Lindfors 2012 is the trial that addresses that question most directly. The Swedish group ran the same protocol (adapted from Manchester) in parallel in two distinct settings:
Setting 1: a psychology outpatient clinic in Goteborg, where IBS patients were referred for psychological treatment. The hypnotherapy was delivered by psychologists trained in the Manchester-style protocol. 46 patients were randomized between hypnotherapy and a supportive-talks control.
Setting 2: a gastroenterology clinic in Stockholm, where IBS patients were referred for medical evaluation and treatment. The hypnotherapy was delivered by clinicians affiliated with the gastroenterology service, also trained in the Manchester-style protocol. 44 patients were randomized between hypnotherapy and a supportive-talks control.
Two important design choices follow from this setup.
First, the two settings represent two different referral pathways into the trial: patients flagged for psychological treatment versus patients flagged for gastroenterology evaluation.
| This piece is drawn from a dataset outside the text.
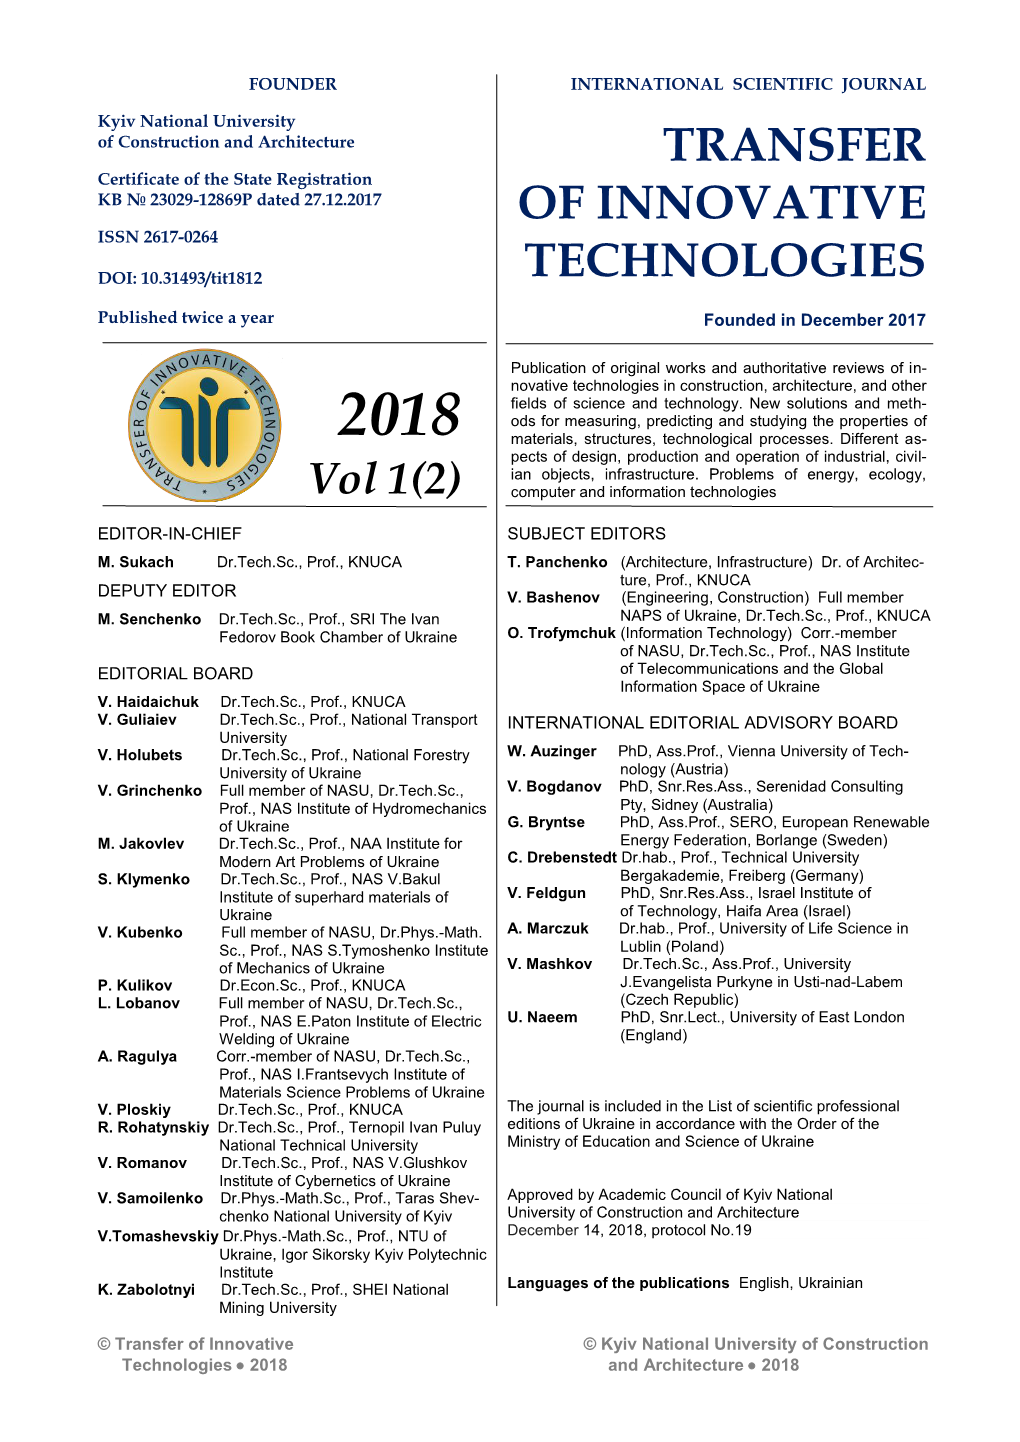 Transfer of Innovative Technologies 3 2018 Vol 1(2), 3-20 Architecture, Infrastructure

These are not the same populations. The psychology referral pathway tends to over-represent patients with significant comorbid anxiety or stress drivers. The gastroenterology pathway tends to over-represent patients who have already cycled through medical management. If the protocol works in both populations, that is stronger evidence than if it only works in one.
Second, the two settings represent two different deliverer cultures. Psychologists are trained in therapeutic technique, rapport, and behavioral protocol delivery. Gastroenterology-affiliated clinicians come from a more medical culture, with different defaults around session structure and clinical language. If the protocol works when delivered by both kinds of clinician, that is evidence that the active ingredients are in the protocol itself rather than in the deliverer's specific training background.
The parallel-trial design means the two trials were not pooled into one larger trial. Each was analyzed separately as its own RCT, with its own outcomes, and the cross-trial comparison was the secondary contribution. Combined n is 90, but the trials were sized as 46 and 44 individually rather than as a 90-patient single trial.
This is the trial that demonstrates transferability of the Manchester Protocol family outside the original Withington Hospital ecosystem. Not a group-format trial. Individual 1-on-1 delivery in both settings, 12 weekly sessions over 12 weeks.
Source: Lindfors P, Unge P, Arvidsson P, Nyhlin H, Bjornsson E, Abrahamsson H, Simren M. Effects of gut-directed hypnotherapy on IBS in different clinical settings: results from two randomized, controlled trials. Am J Gastroenterol. 2012;107(2):276-285.
What the IBS-SSS and quality-of-life data showed
Both Swedish trials used overlapping primary and secondary outcome measures so the cross-setting comparison would be apples-to-apples.
Primary outcome: IBS Severity Scoring System (IBS-SSS), the standard validated patient-reported symptom score in the IBS literature (Francis CY, Morris J, Whorwell PJ. Aliment Pharmacol Ther 1997; 11(2): 395 to 402). Scores range from 0 to 500. A score above 175 represents at least moderate severity. A reduction of 50 points or more is the conventional threshold for clinically meaningful improvement.
Secondary outcomes: IBS Impact Scale (a quality-of-life measure specific to IBS), health-related quality of life (general measures including SF-36 domains), and psychological symptom scoring.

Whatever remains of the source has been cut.